SUPPLIED MATERIAL:
—————

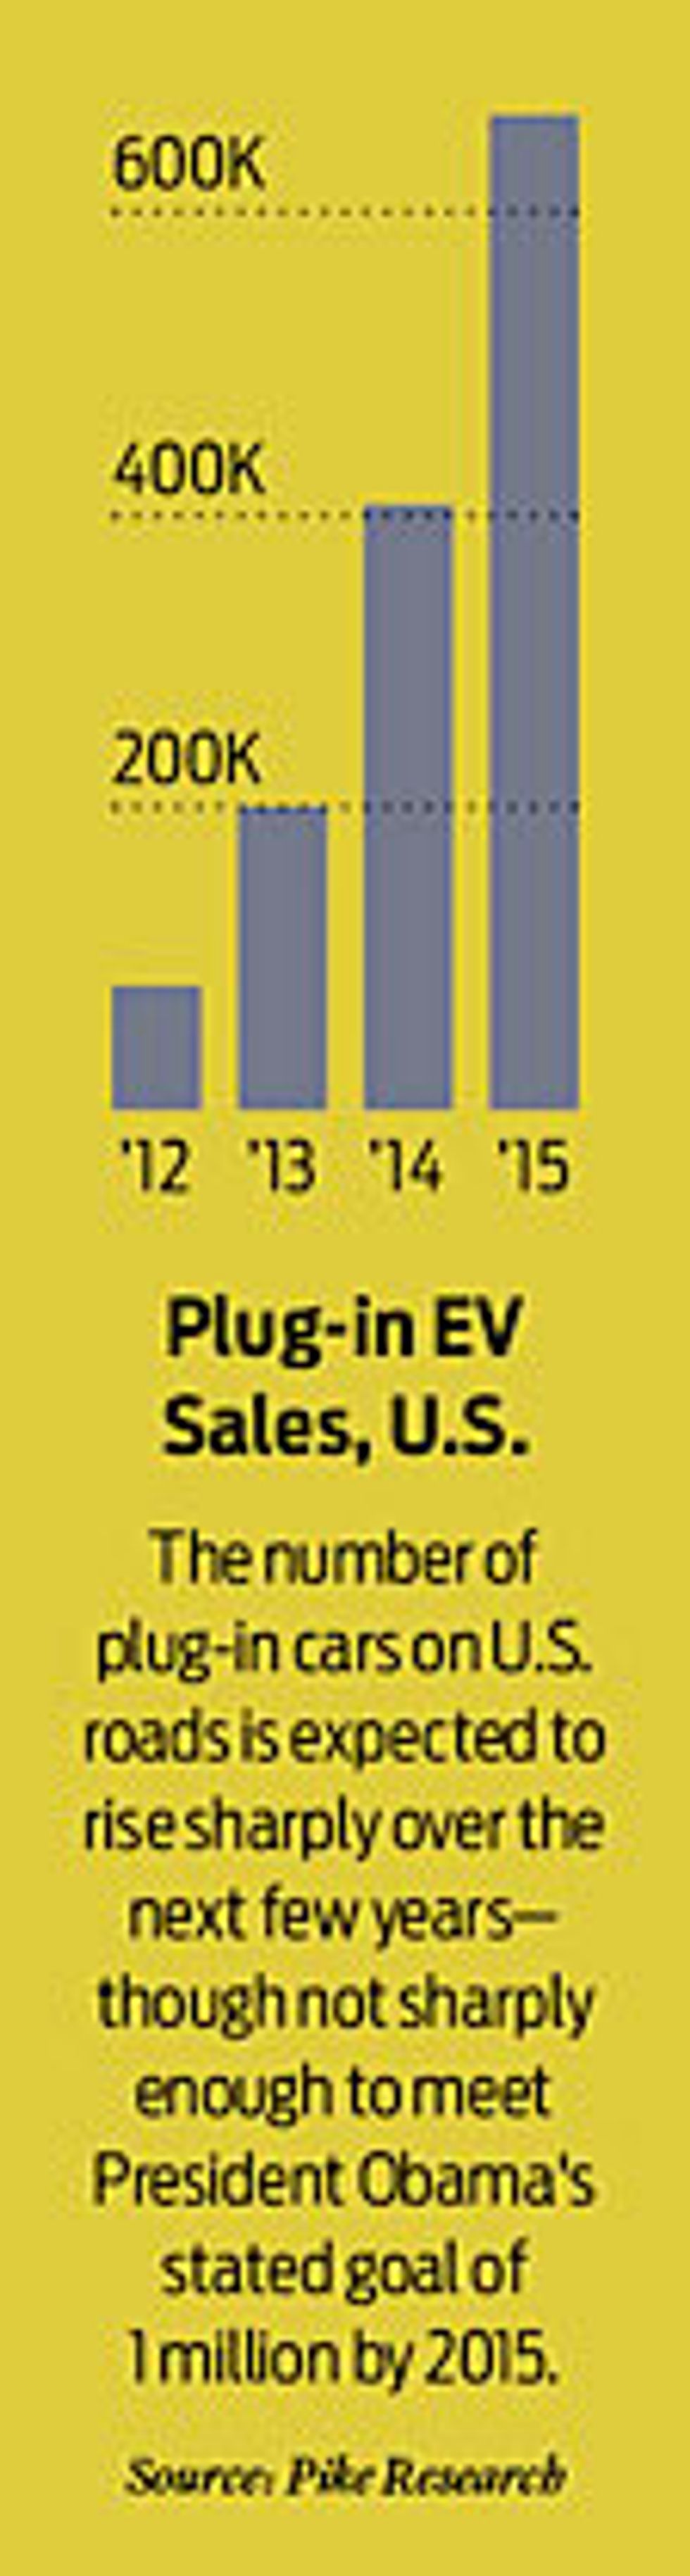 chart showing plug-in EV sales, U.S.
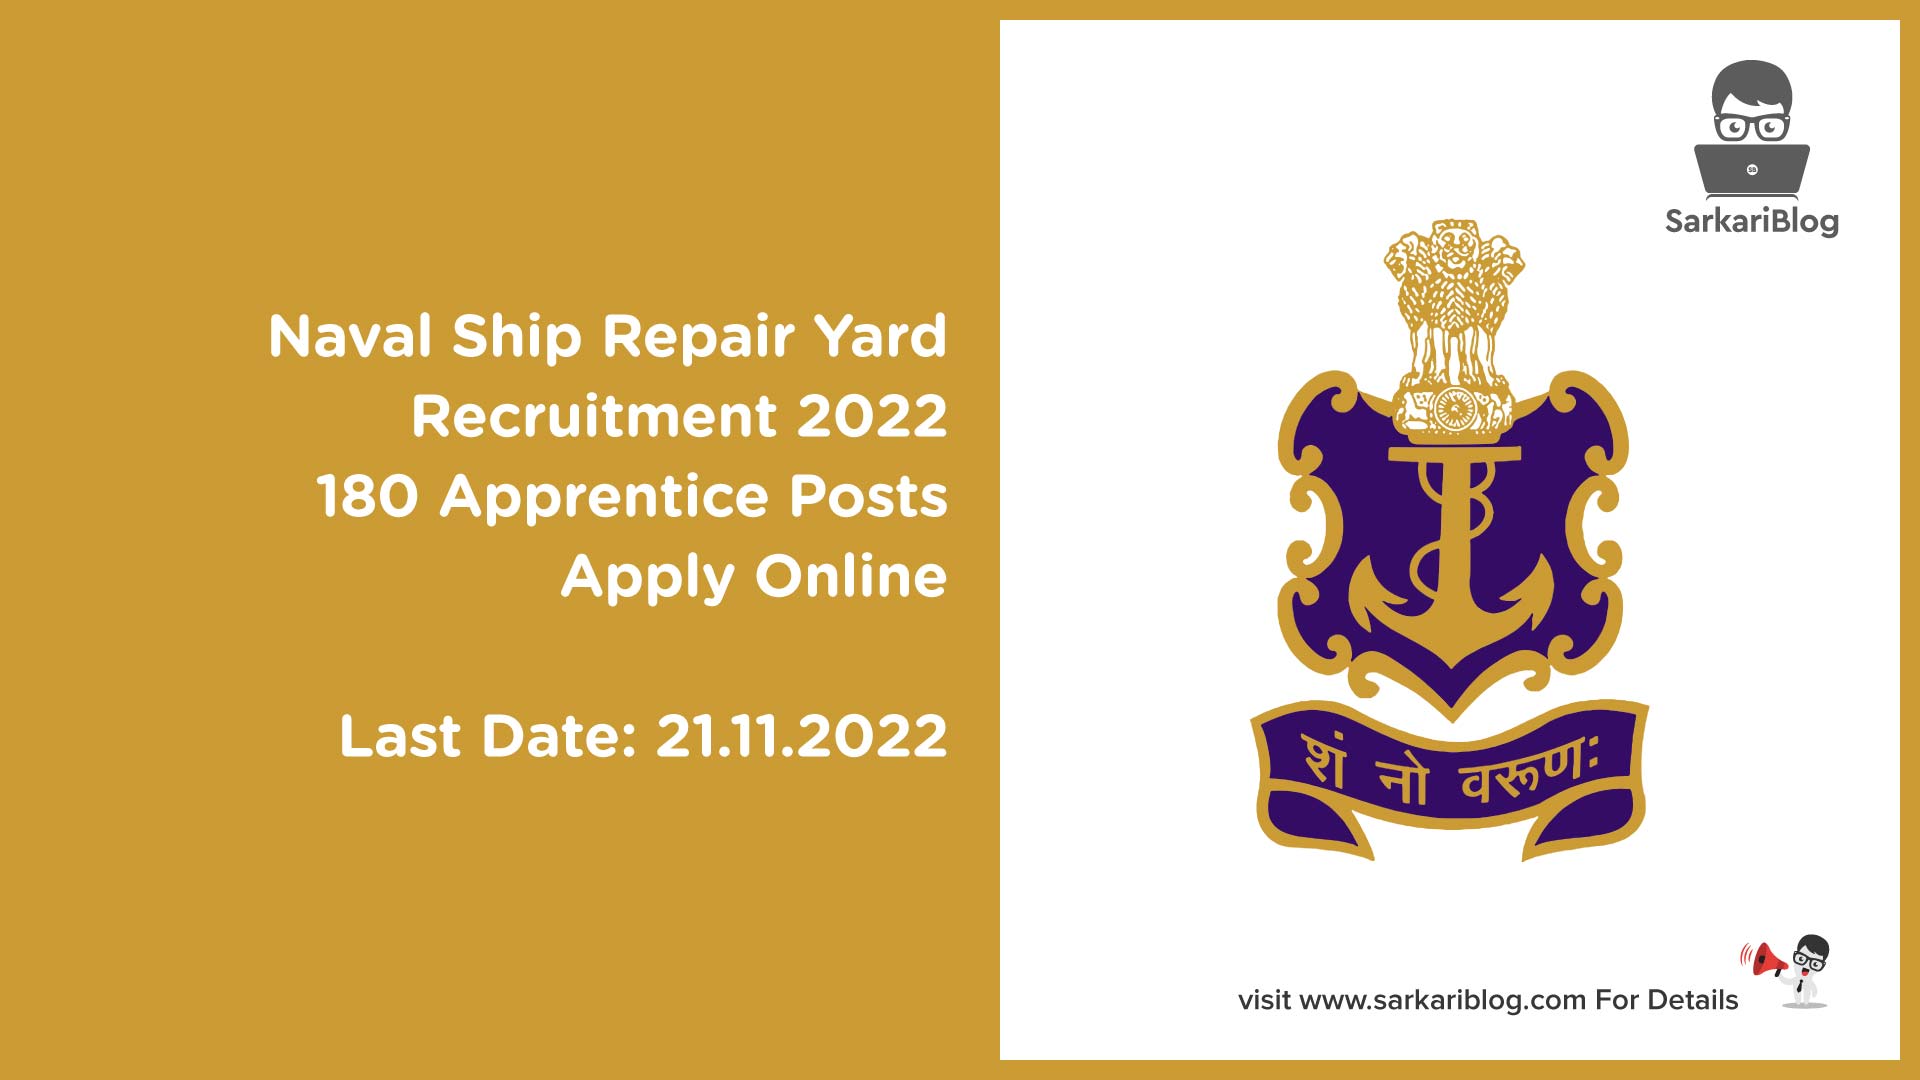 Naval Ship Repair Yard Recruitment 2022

—————

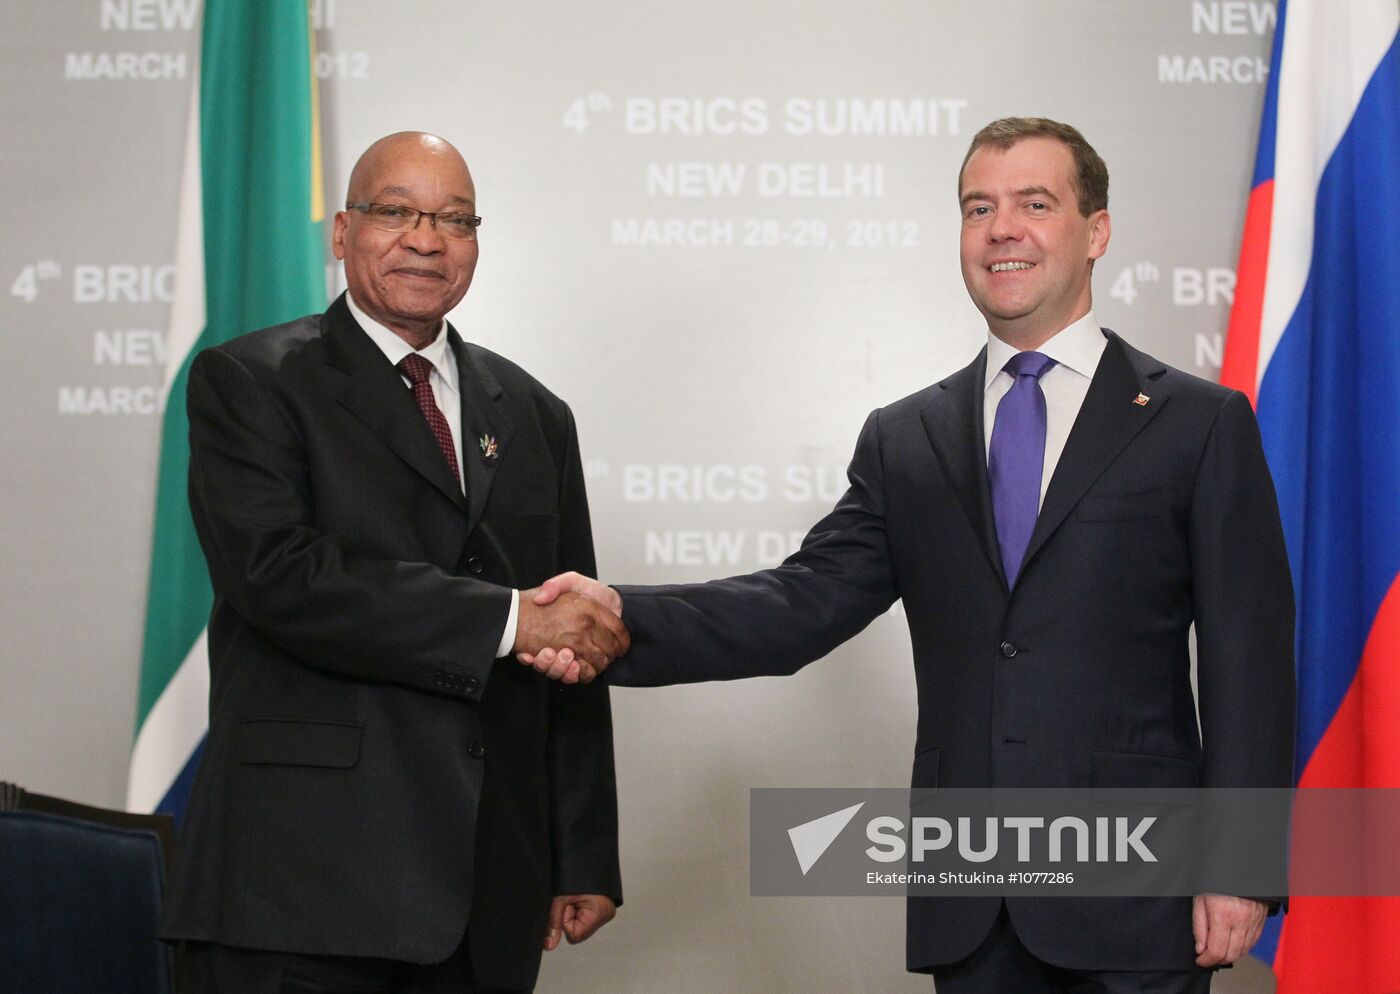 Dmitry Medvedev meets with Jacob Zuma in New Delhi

—————

WHAT YOU HAVE TO DO:
Using the listing above, reproduce word for word every line from the one containing "chart showing plug-in EV sales, U.S." through the one containing "Naval Ship Repair Yard Recruitment 2022". Pictures must be left out.

COMPLETED TASK:
 chart showing plug-in EV sales, U.S.
 Naval Ship Repair Yard Recruitment 2022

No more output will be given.